Abnegada, entregada y con su sonrisa más cálida garantizo a su numerosa familia noches de paz en su hogar.

Francisca, casada el 14 de abril de 1979 a los 18 años, madre de tres hijos, abuela de 10 nietos y esposa de Norberto, director de banca prejubilado desde hace años.

Su marido siempre fue un tipo bien plantado que aró su generoso corazón dejando un nuevo y profundo surco con cada traición, con cada cena e interminable reunión que ella sabía que pasaba con sus «otras» a los que él llamaba «directivos y clientes».
Después, tras prejubilarse, fue mucho más descarado, la mitad de las noches las pasaba en otros hogares, con sus amantes fijas…

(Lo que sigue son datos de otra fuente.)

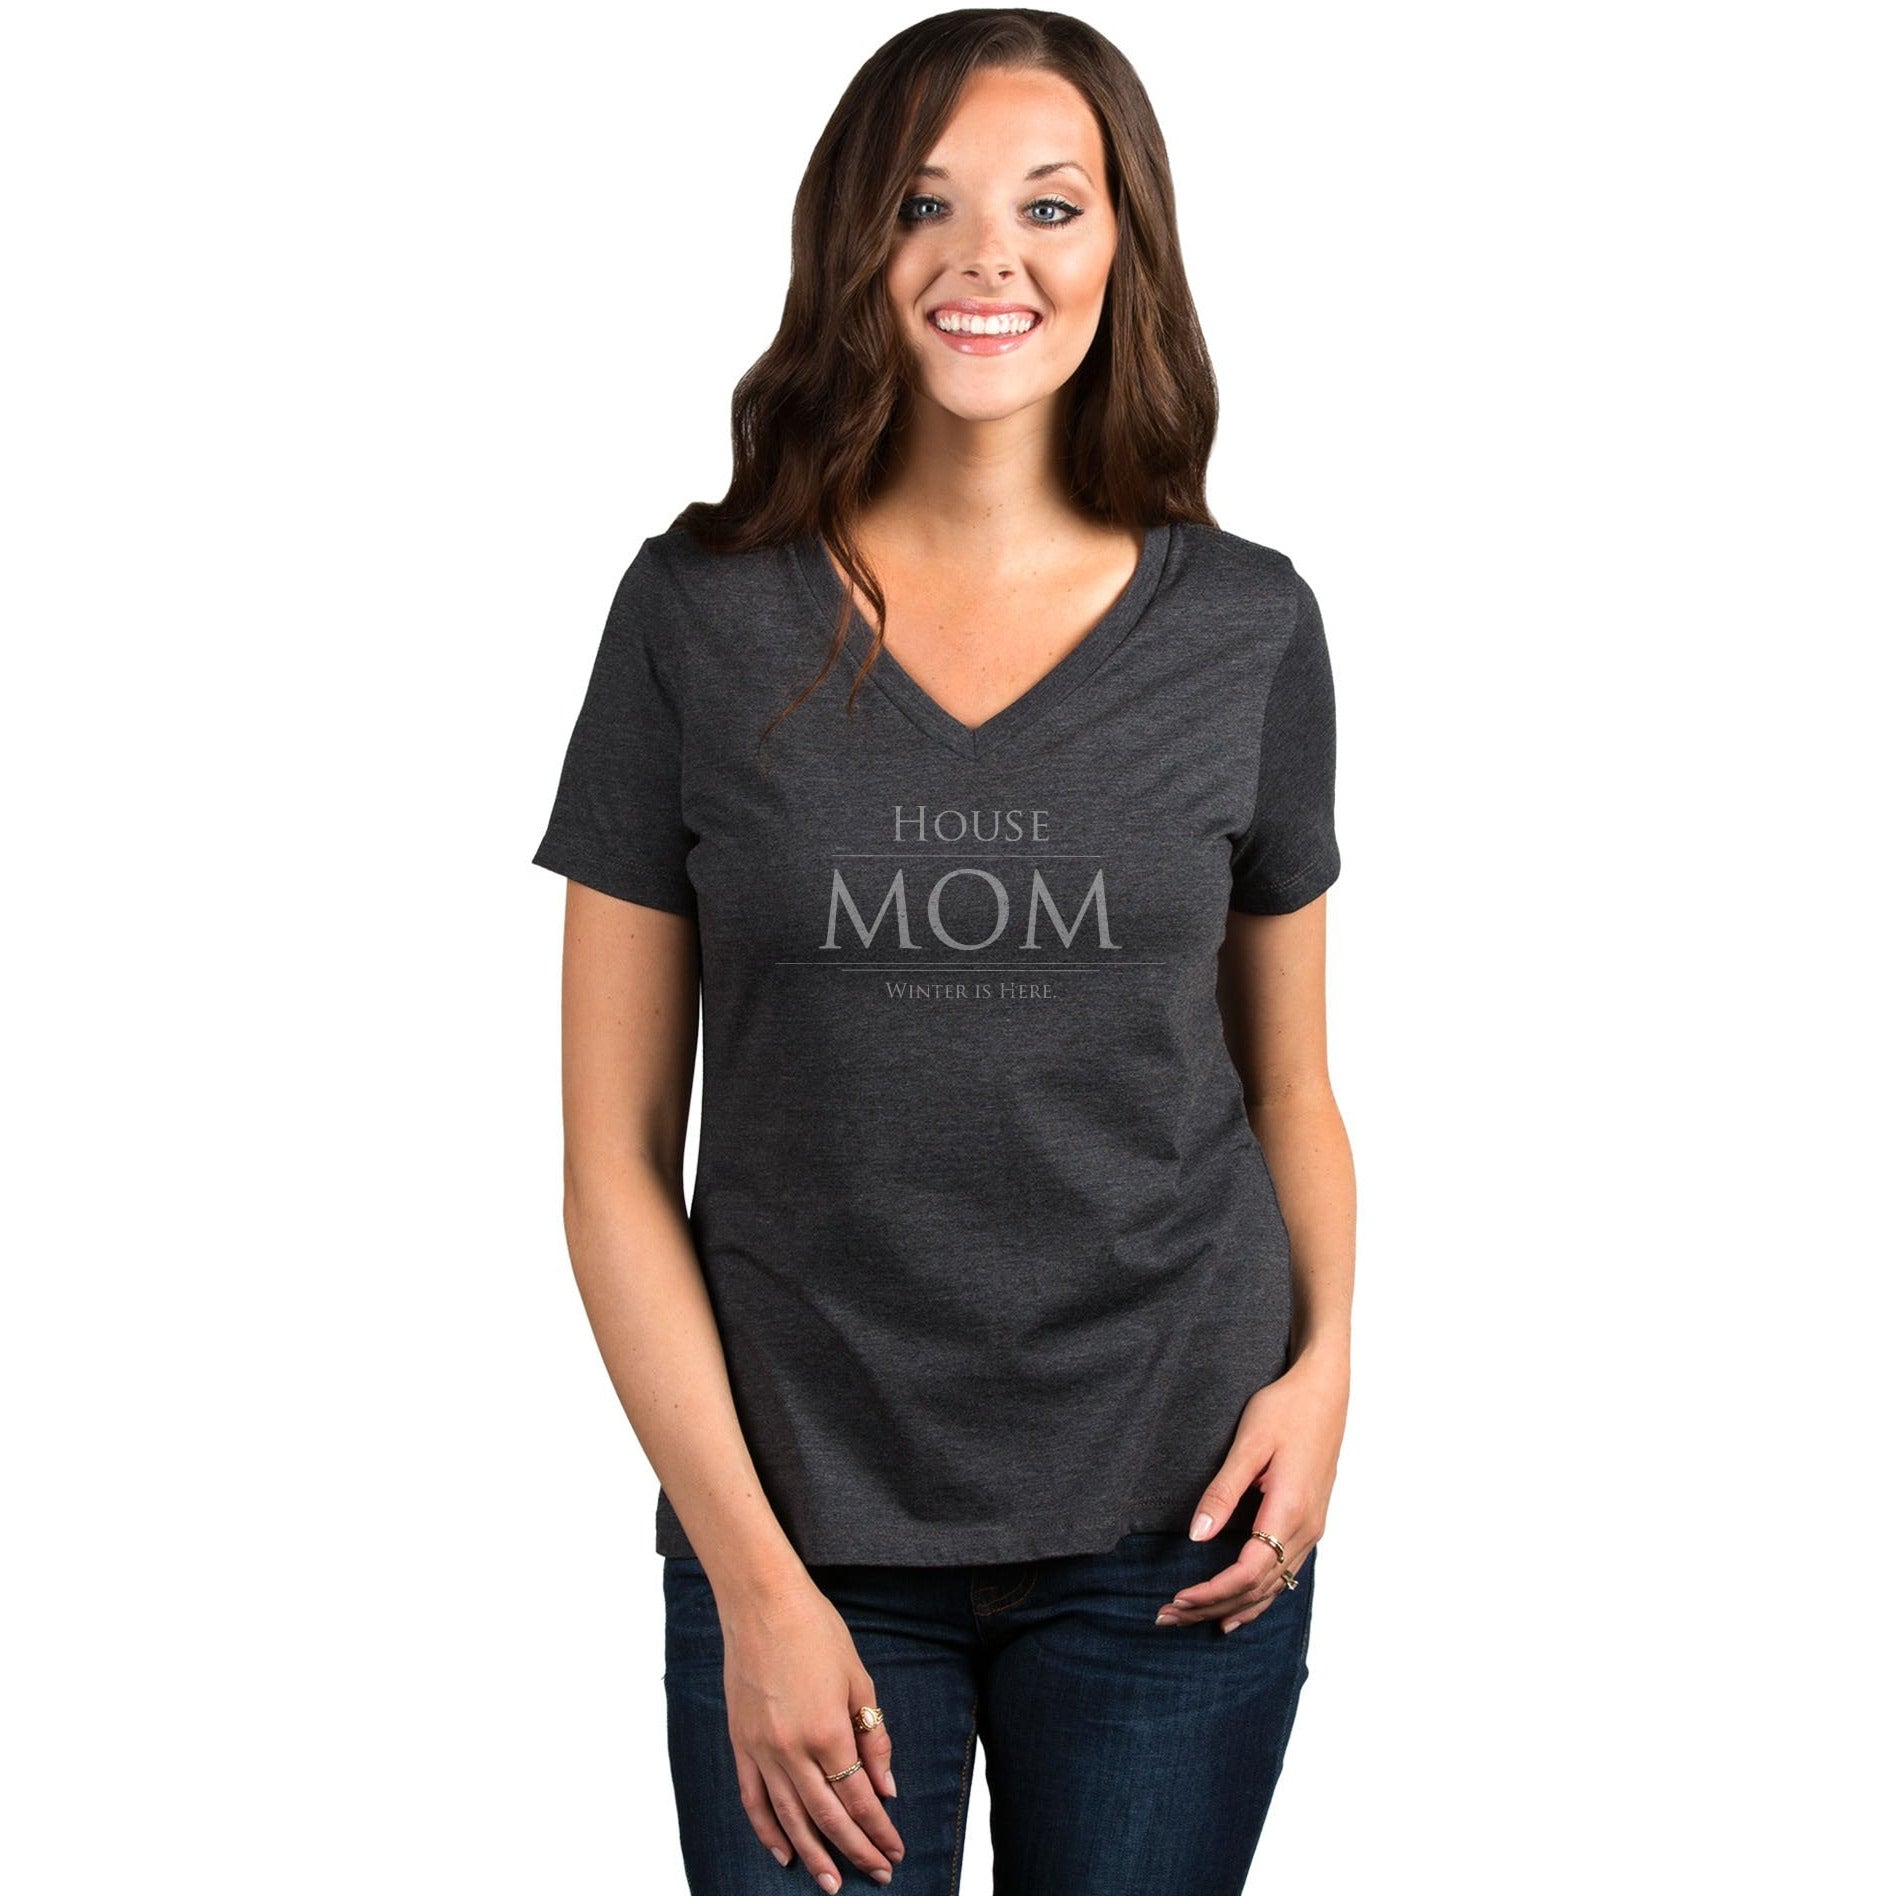 House Mom Winter Is Here Women's Relaxed V-Neck T-Shirt Tee Charcoal Model

Pero este año, fue diferente. La mujer de un coronel, Antonella, una de las nuevas fijas de «su» Norberto, se había presentado en la puerta de su casa, la víspera de año nuevo, para conocerla y pedirle que dejara a su marido rehacer su vida con ella… era una mujer de madurez esbelta, y como no, diez años más joven que ella.

Sí, pensó Francisca con una agridulce sonrisa, a todas las enamoraba pero las tenía convencidas de que lo único que impedía que fueran las únicas es que él jamás podría dañar a su santa mujer o sus adorados hijos y nietos haciéndoles despertar del idílico matrimonio y amorosa cohesión familiar de la que habían disfrutado.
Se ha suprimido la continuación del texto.